I'll be tapping into my waste oil boiler for heat so I'll use the thermostat from an old electric hot water tank because it can handle the temperature range I'm after. The thermostat will open and close without the aid of electricity, instead of triggering a heating element inside the hot water tank for my purpose the stat will trigger the circulation pump to come on as heat is called for.

Removing the spent catalyst from the reactor, this problem is solved by affixing a vibrator to the outside of the tank or underneath the platform of it rests

If you care to exert the energy, manually shaking the tank would accomplish the same, turning everything inside the tank to quick sand, a slurry that becomes mobile.

SSN is my solvent of choice.


----------



## Barren Realms 007 (Nov 14, 2011)

Hi Rusty,

That looks like a viable project that will work. The piping looks like PEX pipe, if it is you are in good shape. 

A ball valve on your pump to regulate flow will be your best bet for temperature regulation. Using a small water heater should do fine. You might want to be prepared to add one of those dual heaters built out of 4" square stock using water heater elements in line when you might need a boost of heat. 4 liters per minute might be enough flow but I think you might find you are going to need more than that. Since your leach should not generate any heat all of your heat will need to come from the water heater.

Using the thermostat to control the pump should work with no problem.

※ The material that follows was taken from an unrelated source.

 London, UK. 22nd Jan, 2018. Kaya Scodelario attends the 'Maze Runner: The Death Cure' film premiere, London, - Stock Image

That tank looks like a pool filter, if it has a drain on the bottom with a screen you can remove this and install a PVC ball valve to empty the tank once your material has been washed clean. Don't count on being able to unscrew the valve from the tank many times, the threads on the fiberglass tank do not hold up well to wear of this kind.

You could also consider a venturi to remove the material from the tank once it has been processed and cleaned. I have used them on application like what you are going to do and they are pretty effecient once you learn how to use them and know thier limitaions.


----------



## skippy (Nov 15, 2011)

I like it Rusty.

Barren, the tank is a well pressure tank, they have an air bladder that maintains pressure in between pumping cycles, which can be removed.
I read they are lined with HPDE, which is pretty chemical resistant, but not thermally very resistant. It's a fibreglass composite shell
and if the resin is vinyl ester, it the shell should be both chemically and thermally resistant.


----------



## rusty (Nov 15, 2011)

skippy said:


> I like it Rusty.
> 
> Barren, the tank is a well pressure tank, they have an air bladder that maintains pressure in between pumping cycles, which can be removed.
> I read they are lined with HPDE, which is pretty chemical resistant, but not thermally very resistant. It's a fibreglass composite shell
> and if the resin is vinyl ester, it the shell should be both chemically and thermally resistant.

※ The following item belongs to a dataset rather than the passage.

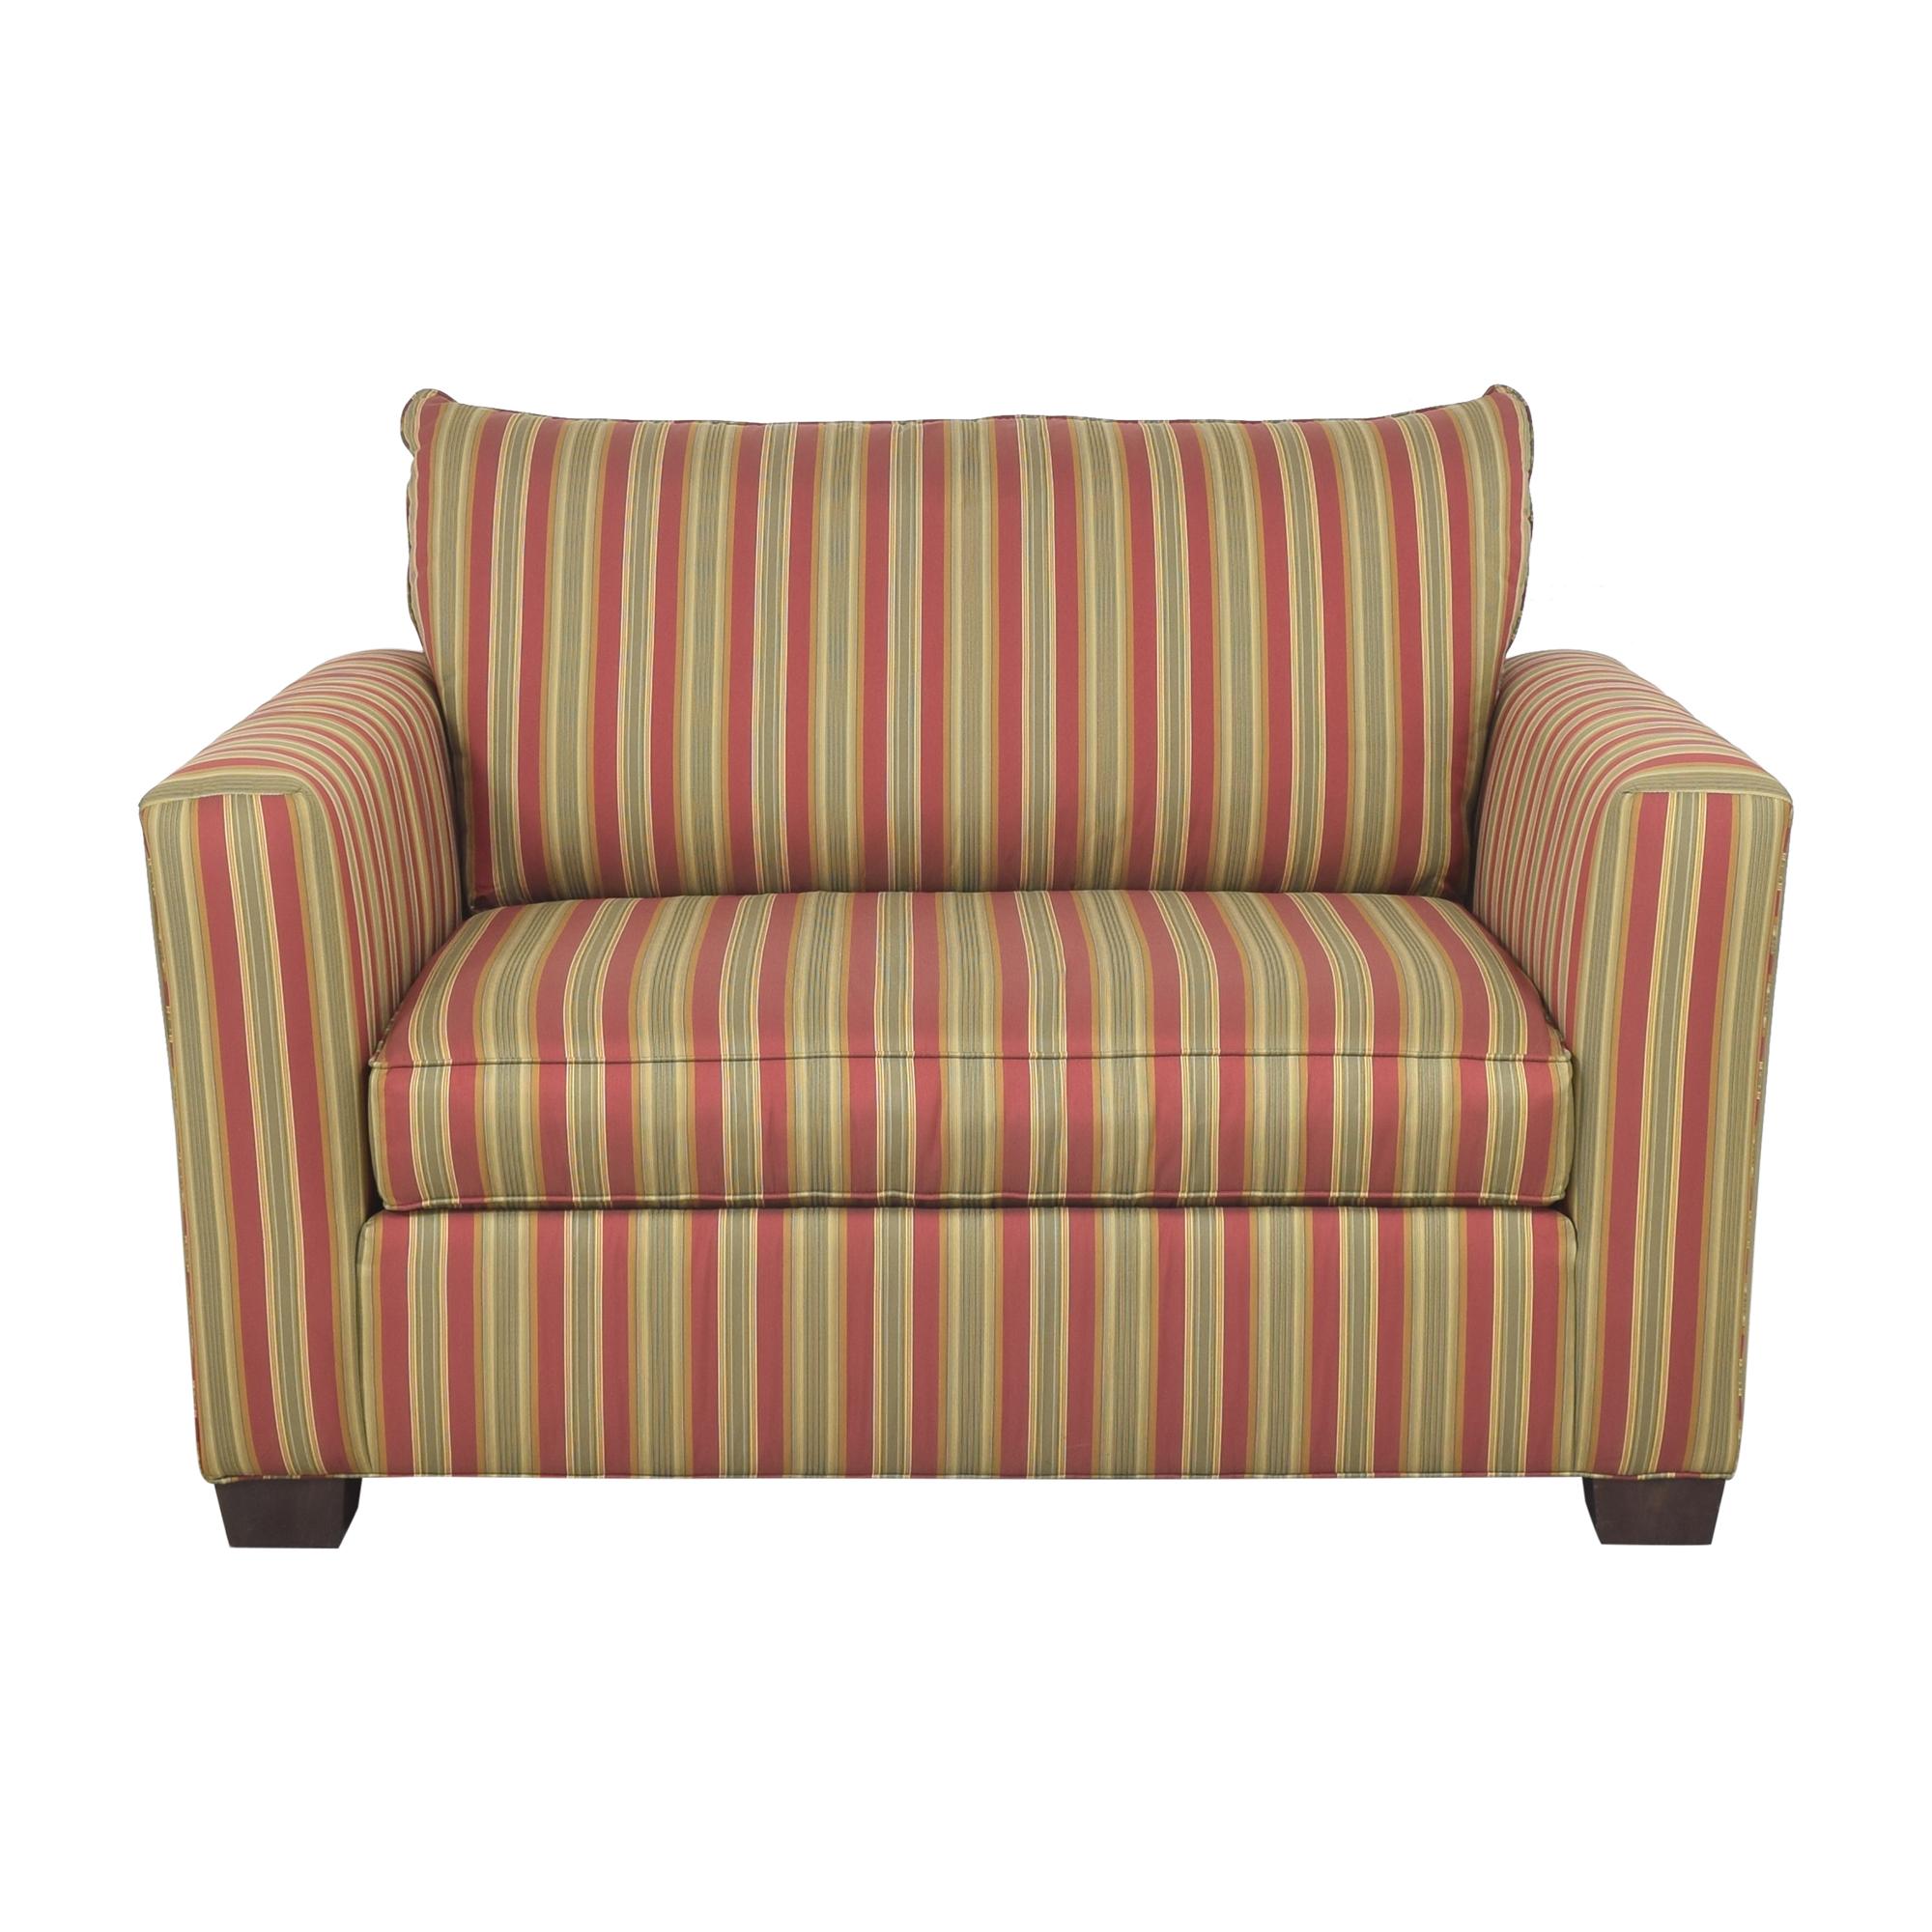 buy Ethan Allen Ethan Allen Hampton Chair and a Half online

Slight revision, instead of wrapping the reactor with Pex , I'm going to insert the vessel within a larger one filled with canola oil heated via an electric element, thermostat to control temperature. My shop is going to smell like French fries and fried chicken.

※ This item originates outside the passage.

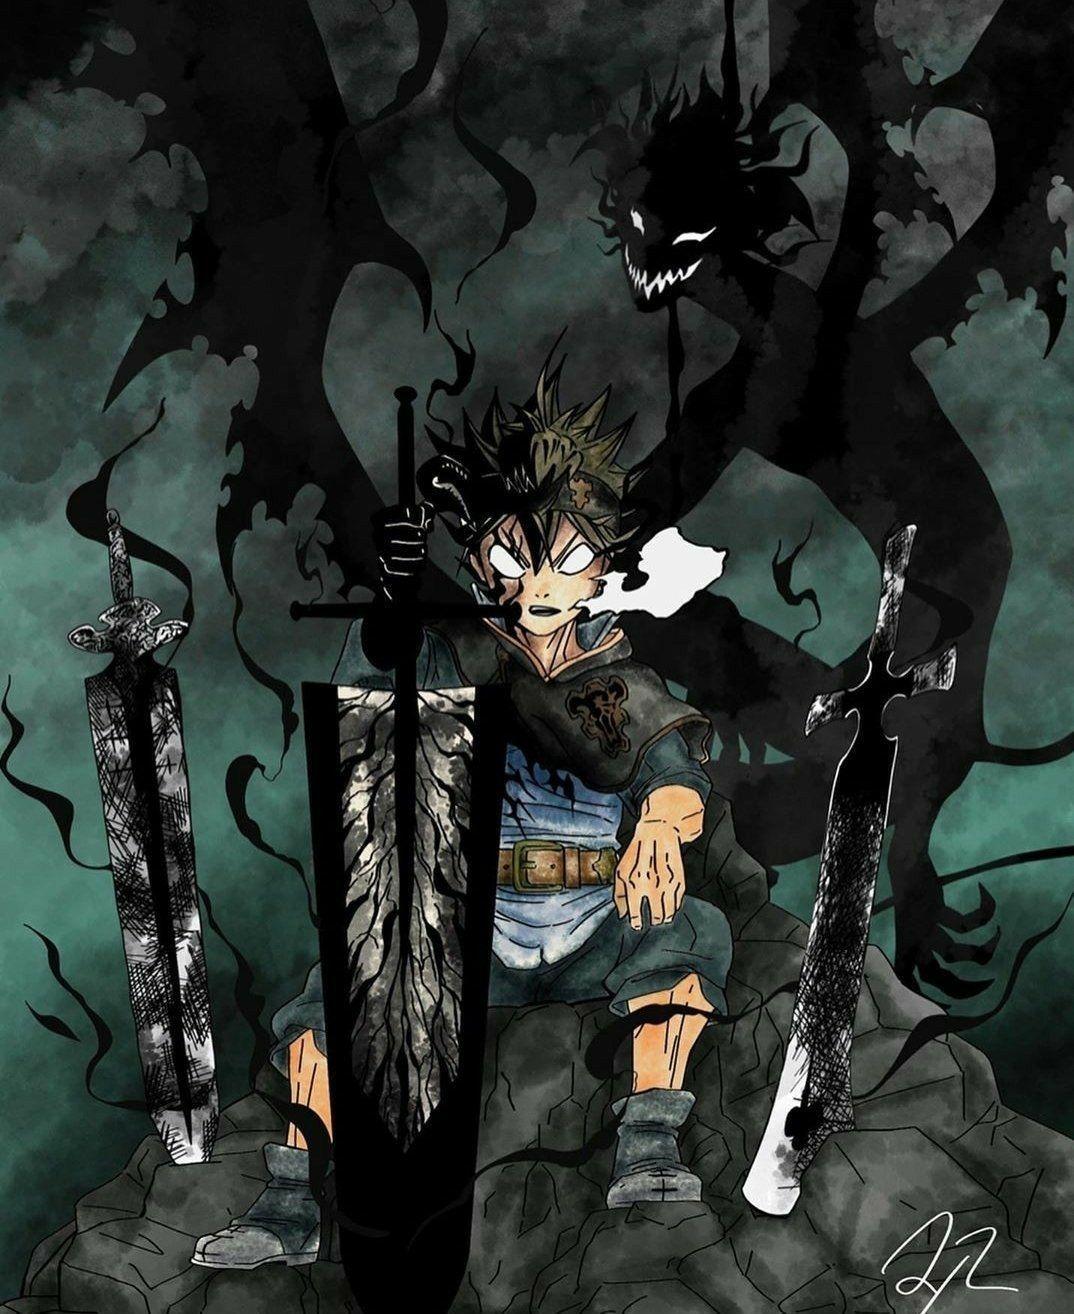 Black Clover Black Clover Characters Black Clover Asta Black

I do not have my waste oil boiler running yet, otherwise I could heat the oil with a liquid to liquid heat exchanger, but I think direct immersion of the heating element has this beat.

Our local highways department donated the rock salt for my SSN, I left some cash for the Christmas fund. . 

Some interesting facts, the salt was in a cold shed but is warm to the touch and it's pink.


----------



## skippy (Nov 15, 2011)

A nice thing about SSN is it doesn't seem to make anywhere near as much intense fumes as AR or a chlorine saturated solution, while still having a pretty powerful dissolving capability.

I like the revision to the setup, it should make the whole thing fit into a smaller footprint - less wasted heat then. And the most important thing - it's less complicated. Needless complication is always the enemy. 

I think the pex pipe heating would make more sense if you set up a really big reactor, or a whole whack of reactors that needed to be heated, and you could substitute a cheaper source of heat like gas instead of electricity.


----------



## jimmydolittle (Nov 15, 2011)

Here in Indiana the salt is coated with molasses, which helps keep the salt on the road surface longer. It is in fact a pink color when loaded into the trucks. I have not had the time to study this SSN Leachant process, but I'm wondering if the molasses will interfere in some way?


----------